We often hear complaints that transit systems do not earn profits. This is true (with a few exceptions), but this does not mean that transit systems are a waste of money. When was the last time you heard someone complain about how a local road never manages to turn a profit? If we held roads and transit projects to similar standards of profitability, we would build very few roads indeed. Transportation infrastructure is a public good, and few dispute that the government should play an active role in providing it. In spite of the problems with thinking about transit as if it were business, however, transit- and pedestrian-oriented transportation projects would actually benefit if transportation decisions were guided entirely by market forces, because the pro-automobile biases in current policies at the local, state, and federal levels, would be eliminated.

Pro-highway, anti-transit, anti-pedestrian policies work against the core beliefs of American conservatives in another and even more important way: they create social environments that are hostile to real community. Once again, the ways in which automobile-oriented development prevents communities from forming are too numerous to list exhaustively. They range from the very obvious to the very subtle.

Consider how small businesses are affected by Americans’ dependency on cars. Since businesses are obliged by zoning restrictions to locate far away from residential areas, most Americans drive to every store they visit. This means that store visits are often discrete trips that must be undertaken consciously and planned out ahead of time. As a consequence, shoppers will want to visit stores that carry the most diverse inventory—Wal-Mart, Costco, et al.—and avoid shops that specialize in one particular kind of good—the local paint store or flower shop, for instance. Moreover, since small shops cannot afford to spend large sums on advertising, they can’t buy the enormous signs and billboards that direct shoppers to large retail outlets, nor gin up hype for their products with coordinated television spots. Perhaps if their potential customers could walk by their storefronts they would have a chance to notice window-displays and similar kinds of small, careful advertising. At 60 miles an hour with the AC cranked up, the attention of their potential customers is focused elsewhere.
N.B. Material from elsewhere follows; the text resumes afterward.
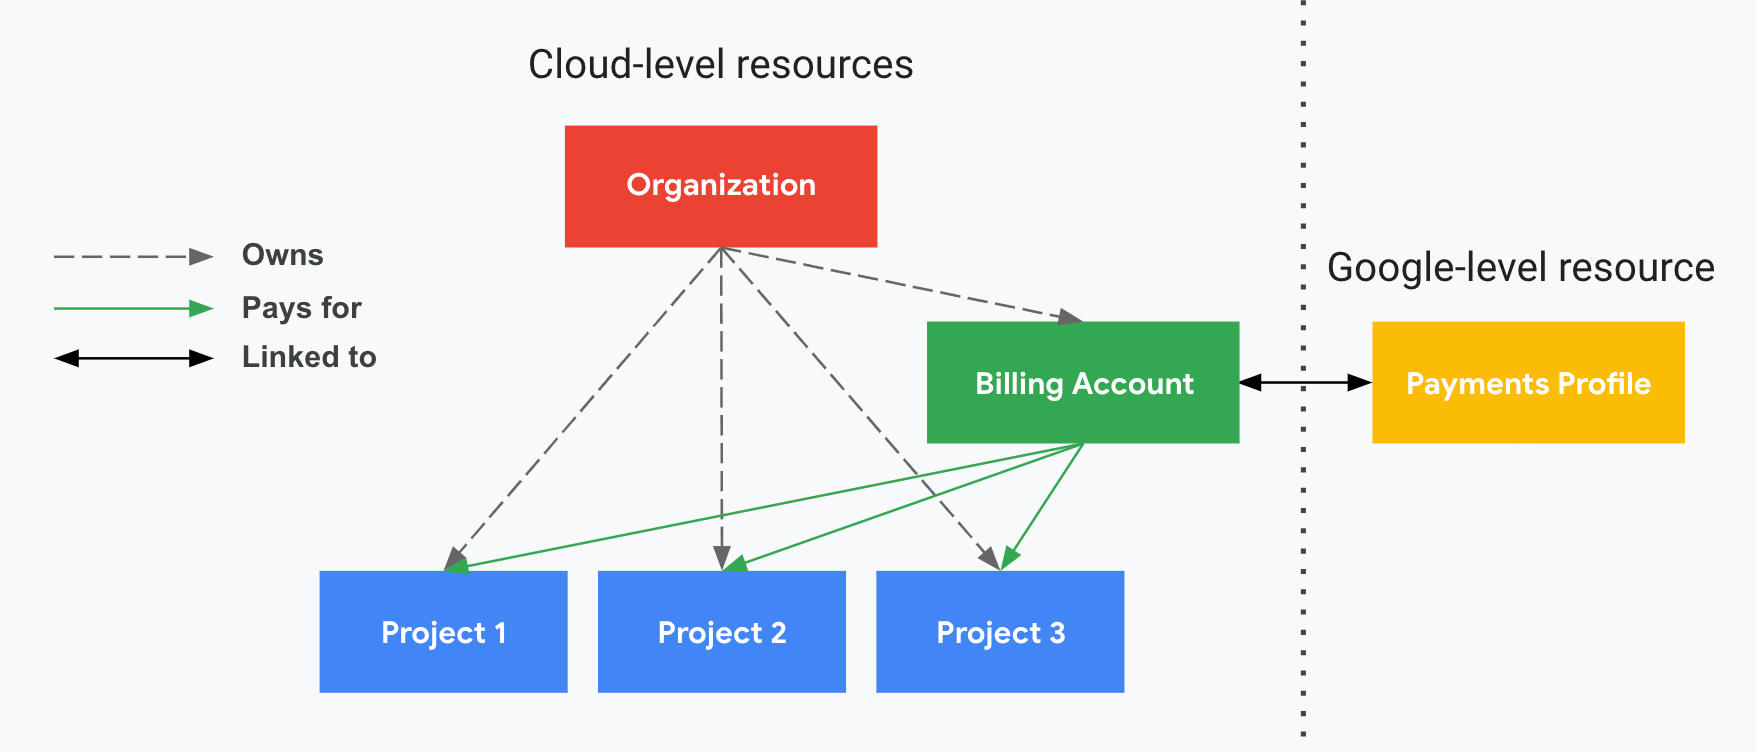 Dieses Diagramm zeigt, wie sich Projekte auf Cloud Billing und Ihr Zahlungsprofil beziehen. Auf der einen Seite werden Ihre Ressourcen auf Cloud-Ebene angezeigt (Cloud-Rechnungskonto und zugehörige Projekte) und auf der anderen Seite Ihre Ressource auf Google-Ebene (Zahlungsprofil), die durch eine gepunktete vertikale Linie getrennt ist. Ihre Projekte werden über Ihr Cloud-Rechnungskonto bezahlt, das mit Ihrem Zahlungsprofil verknüpft ist.
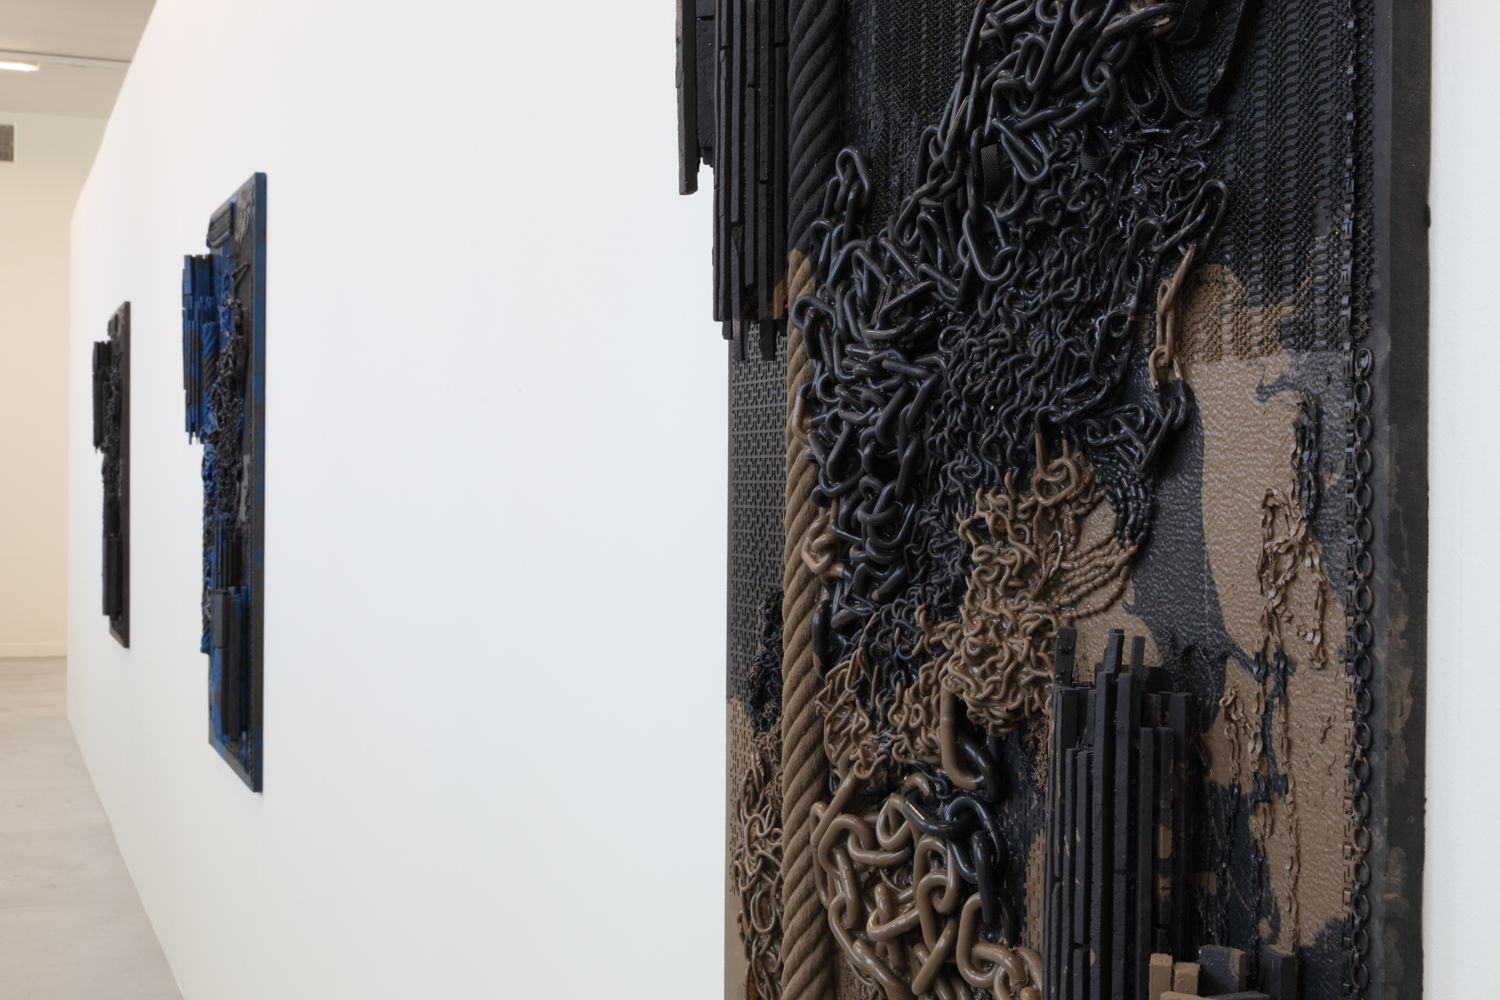 Isabelle Cornaro, Orgon Doors I, 2013
© de kunstenaar & M-Museum Leuven / Dirk Pauwels

As the market diminishes for these specialized stores, so too does opportunity for small-scale entrepreneurship. If opening a small business were a viable option in more markets, more Americans would be interested in starting them. The current situation, where only very large stores can compete in most retail environments, makes starting a business impossible for the vast majority of Americans.

Perhaps more importantly, the employees of big-box stores rarely conceive of their jobs as passions or callings. You’re much likely to find yourself in a conversation about the relative merits and demerits of non-volatile-organic paint at Morris Maple’s Hardware down the street than at Home Depot. The local shopkeeper with a comprehensive knowledge of and interest in her wares is flourishing in a way that the clerks at big box stores, merely putting in time for a paycheck, are not.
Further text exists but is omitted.